Como se não bastasse, a atuação de Deborah Duprat serviu ainda de inspiração e alento para quem, anonimamente e sem a importância dos juristas e entidades acima mencionados, se revoltou nos últimos anos com o desmonte do Estado Social que tem revertido boa parte das conquistas civilizatórias ocorridas pós Constituição Cidadã – grupo que inclui promotores de justiça de pequenas comarcas, que residem a centenas de quilômetros de Brasília e que jamais tiveram a honra de conhecer pessoalmente Duprat.

Deborah Duprat assumiu o cargo de Procuradora Federal dos Direitos do Cidadão em maio de 2016, em meio a um processo de ruptura democrática que culminou na destituição da Presidenta eleita, em um período em que já prevaleciam visões obscurantistas e personalidades autoritárias.
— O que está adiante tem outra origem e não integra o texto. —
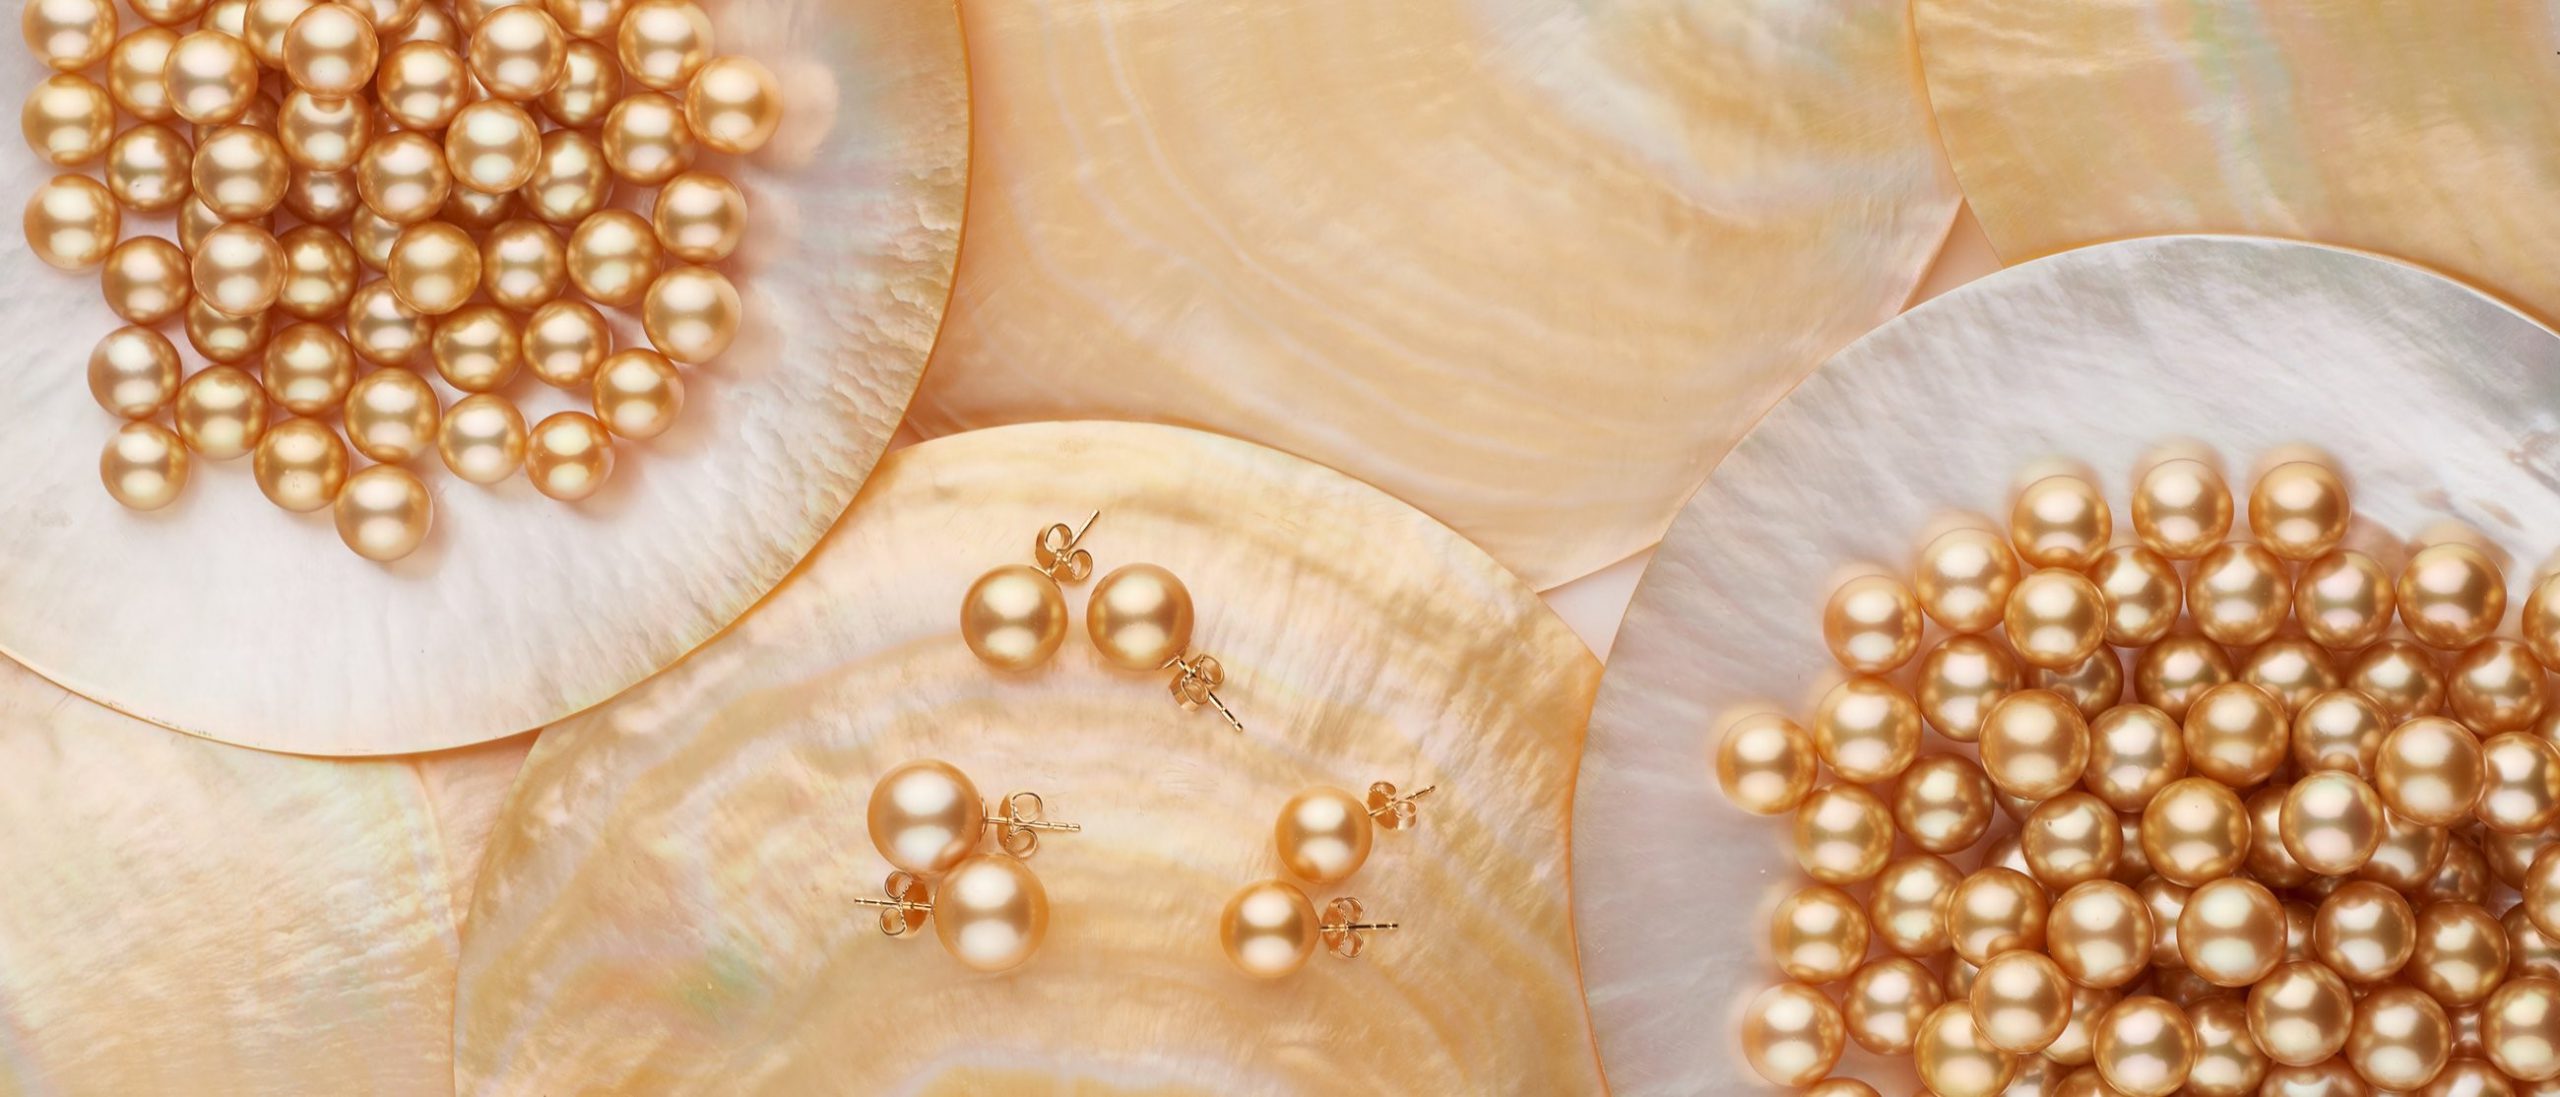 مروارید دریای جنوبی "South Sea Pearls"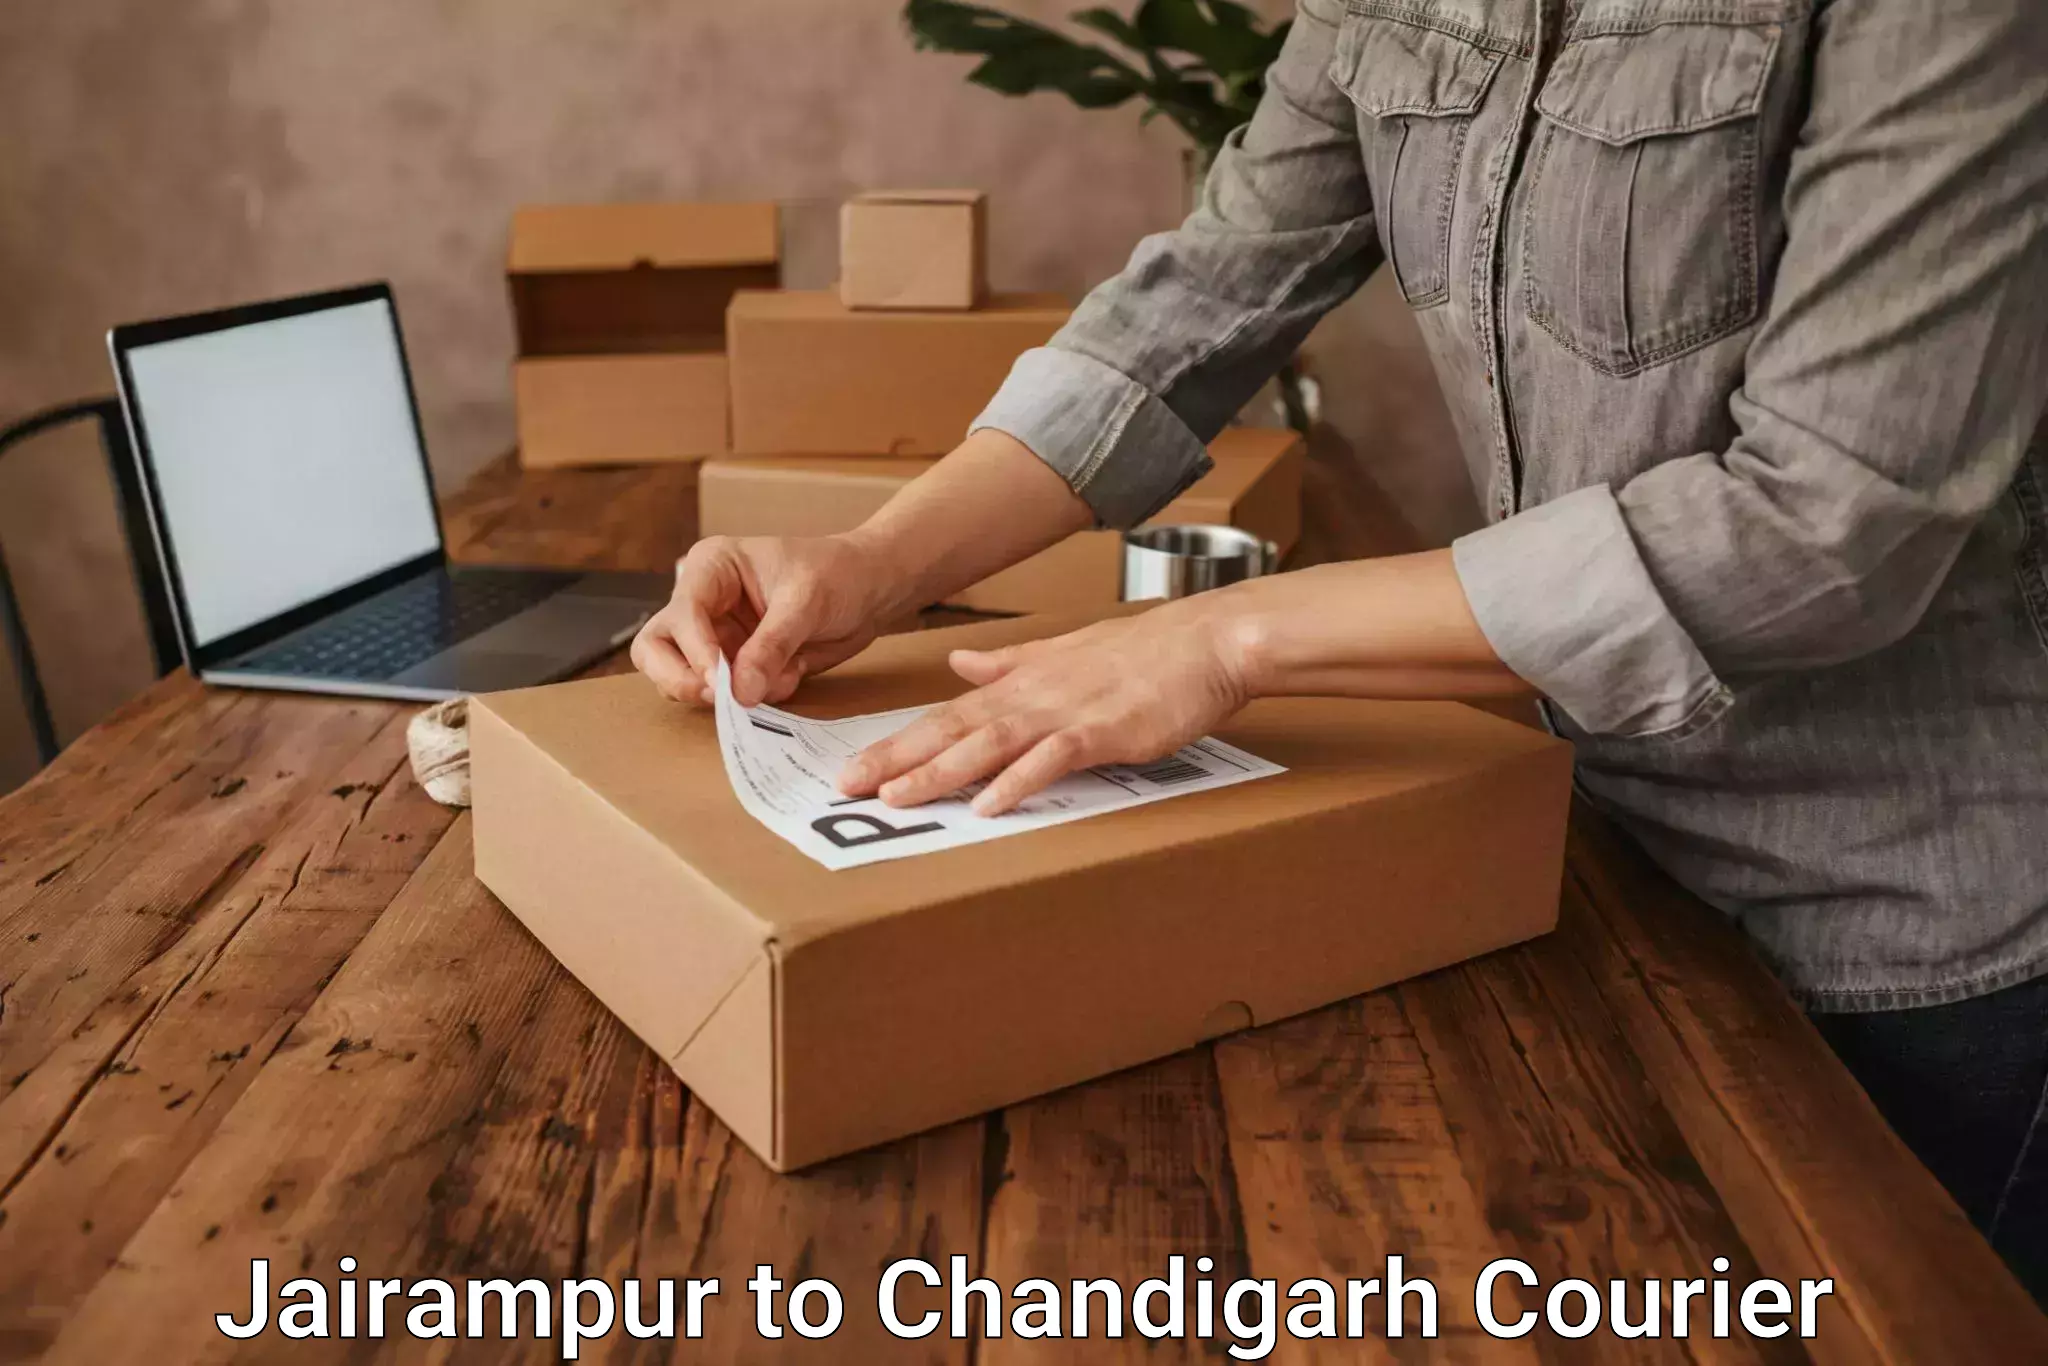 User-friendly courier app Jairampur to Chandigarh

E, desde o início de sua gestão frente a PFDC, Duprat foi sinônimo de resistência e respeito à Constituição que jurou defender.

Enquanto surgiam projetos de lei visando a intimidação de professores e instituições de ensino, a PDFC de Deborah Duprat repudiava com veemência todas as ofensas ao princípio da liberdade de ensino, deixando claro que o malfadado Escola Sem Partido “impede o pluralismo de ideias e de concepções pedagógicas, nega a liberdade de cátedra e a possibilidade ampla de aprendizagem e contraria o princípio da laicidade do Estado – todos esses direitos previstos na Constituição de 88[vi].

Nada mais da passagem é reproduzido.